= Marco Di Tillo =

Marco Di Tillo was born in Rome in 1951. He is married and has three sons. He graduated in Psychology and is a Radio and TV personality, film director, novelist, historical fiction, comic strips, adventure books and fairy tales.

==Biography==
He frequented Cineclub Roma with Nanni Moretti and Andrea Garibaldi.
He started working for Radio Rai. He wrote Amore vuol dire together with Nanni Loy and Annabella Cerliani, Che giorno era quel giorno? together with Massimo Guglielmi, Il Guastafeste with Massimo Giuliani and Un'invenzione chiamata disco with Marco Ferrante.

He wrote the telefilm Cercai l'amor (Italian Rai). In 1983, he started to work for TV programs like Forte Fortissimo with Piero Chiambretti and Corinne Cléry, Il sabato dello Zecchino with Topo Gigio, Spazio Aperto, Bellezza e dintorni, Regali di Natale, Ciao Italia with Sydne Rome and Maria Teresa Ruta, Una giornata frizzante with Nino Manfredi, Pomeriggio sul Due with Giulia Fossà, Scrupoli with Enza Sampò.

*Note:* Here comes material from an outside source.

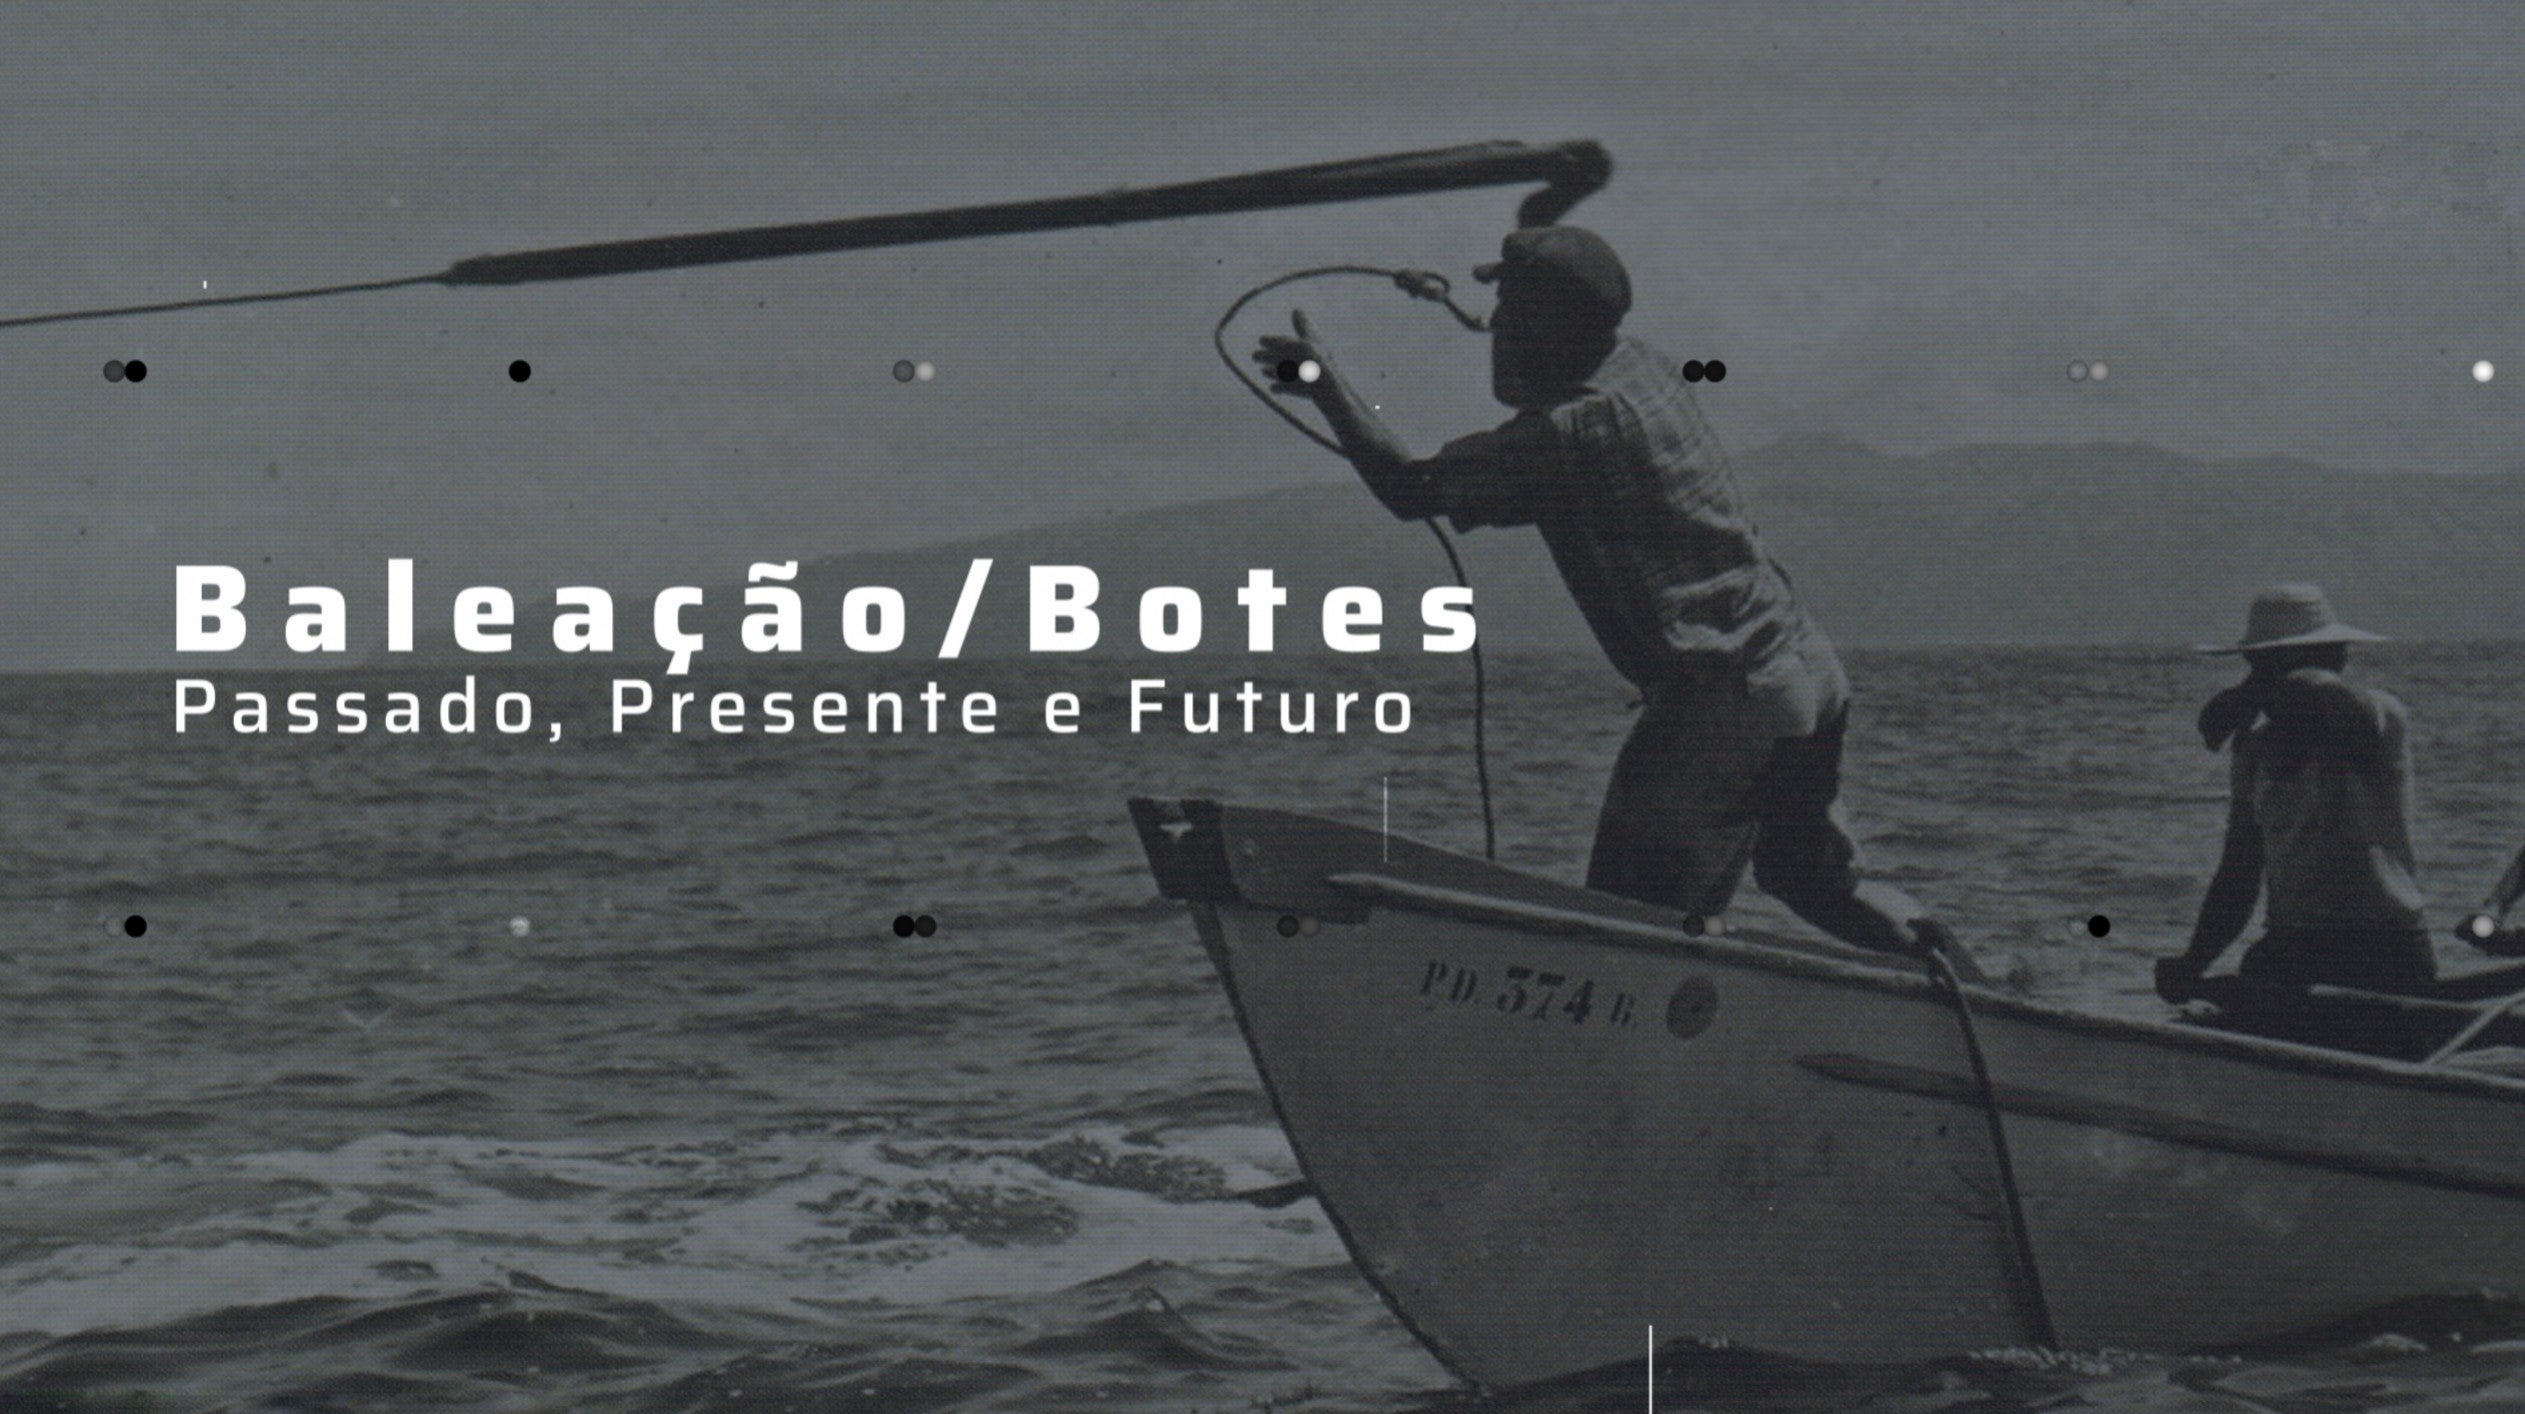 Baleao/Botes, Passado, Presente e Futuro

In 1988, he directed the thriller for children Operazione Pappagallo (Operation Parrot), written with Piero Chiambretti and Claudio Delle Fratte and interpreted by Leo Gullotta, Nicola Pistoia, Siusy Blady, Tiberio Murgia, Didi Perego, Carlotta Leonori.

He wrote the novels for young readersIl giovane cavaliere, Tre ragazzi ed il Sultano, "Il ladro di Picasso", "Due ragazzi nella Firenze dei Medici",Mamma Natale, Mamma Natale ed i Pirati and the travel books Rome for two and Walkin' Rome.

In 2000, he wrote and directed the comedy movie Un anno in campagna (One year in the Countryside) starring Francesca Antonelli, Yari Gugliucci, Giulio Di Mauro, Enzo Cardogna, Ludovica Modugno.

He wrote also texts to comics, such as I grandi del calcio (Football Stars), I grandi del jazz (Jazz Stars), I grandi del cinema (Movie Stars), Yeti (strip), Piero (strip), Hans & Chica (adventure).
He wrote italian detective books as " Destini di sangue ", " Dodici Giugno ", "Il palazzo del freddo", "Tutte le strade portano a Genova", "Omicidio all'Acquario di Genova".
He published in Us the historical thriller "The other Eisenhower" (Webster House Publishing) written with the American partner Augustine Campana.